Listening to this, Amber finally exhaled a breath of relief. "So... the horror stories are all just talk? We're actually safe?"

Gwayne considered for a moment—then suddenly leaned in with a wicked grin.

"Actually, I lied. It is terrifying. And there is a demon lord every five hundred paces."

Amber shrieked: "EEEYYYAAHH—!"

Gwayne laughed heartily, while Rebecca clutched her staff and gave the half-elf a look of utter disdain.

"A grandmaster rogue indeed," Gwayne teased.

He ruffled Rebecca's hair fondly and pointed ahead: "There—See that fallen tree? Time to put that fire magic of yours to good use."

Rebecca beamed, eager for the task. She lifted her staff and hurled a fireball with surprising speed.

The decayed tree shattered with a booming crack, splitting and tumbling down the slope, clearing the path.

And there—revealed beyond the wreckage—lay a hidden valley.

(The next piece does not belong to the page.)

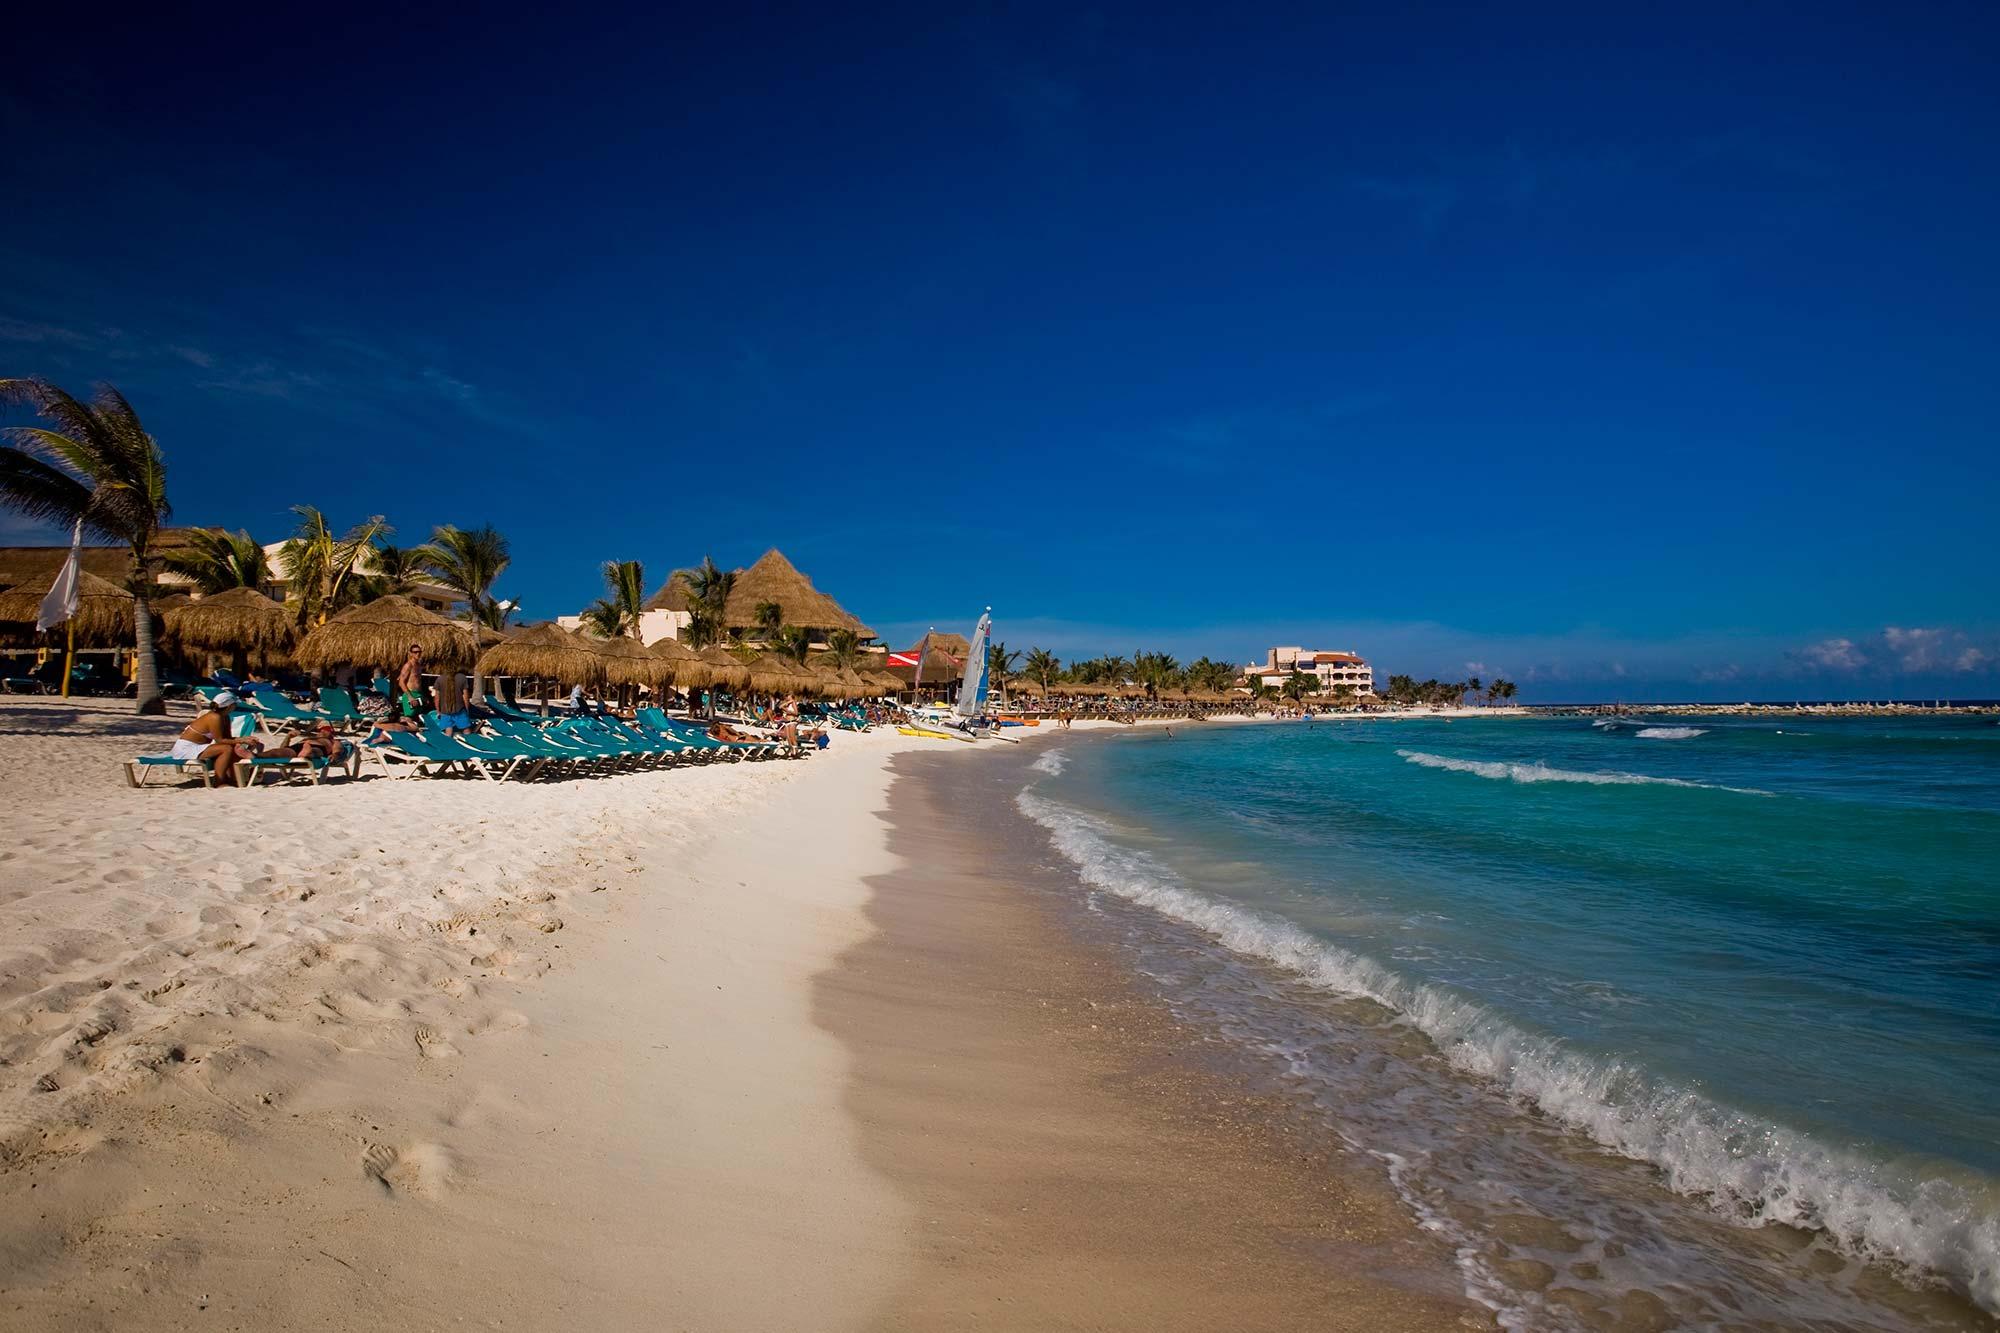 Catalonia-Riviera-Maya-Resort-&-Spa

A wide clearing, carved with impossible precision, lay nestled against the mountains. The stone was smoothed by ancient tools, the sheer rock faces punctuated by crumbling arches and broken battlements. Structures melded into the cliffside, almost as if the mountains themselves had swallowed an ancient fortress whole.

Most of the stronghold remained hidden, buried within the rock.

Even Amber, usually quick to quip, fell silent at the sight.

Rebecca stared in awe. Ser Byron reached instinctively for his sword.

All three gazed, wide-eyed, upon the lost remnants of a forgotten age.

Gwayne's keen eyes roamed the ruin. He stopped by a collapsed pile of rubble, half-buried in the soil.

There—half-protruding from the ground—was a corroded, broken sword, blackened with time.

He knelt, brushing the dirt away carefully, and saw the faint carving at its base:

16th Company – Commander Cole lies here.

Rebecca's voice, small and uncertain, drifted from behind him: "What... what is this place?"

Gwayne rose slowly, a shadow in his eyes.

"When we crossed the Whitewater, we faced pursuit," he said quietly. "The 16th held the rear. None survived."

He rested a hand on the weathered stones. "They fell back here—the last of them. Tried to make a stand. But the tide of corruption was too strong. We never reclaimed these lands—not in my lifetime. By the time the magic storms faded... everyone had forgotten."

Ser Byron unsheathed his sword in solemn respect, pressing it to his breast. He bowed low before the makeshift grave.

The fallen warriors here had a tomb, of sorts. But whoever had buried them... had long since vanished into the dust of time.

Gwayne lingered a moment longer, then found a stone and placed it atop the mound.

"Rest well," he murmured. "Your brothers and sisters lived on. Your sacrifice was not in vain."

In that instant, he did not speak as a traveler from another world—but as Gwayne Seawright himself, one of their own.

Turning back to his companions, he nodded toward a nearby archway, half-sunken into the cliff.

"Come," he said.

"Let me show you what your ancestors left behind."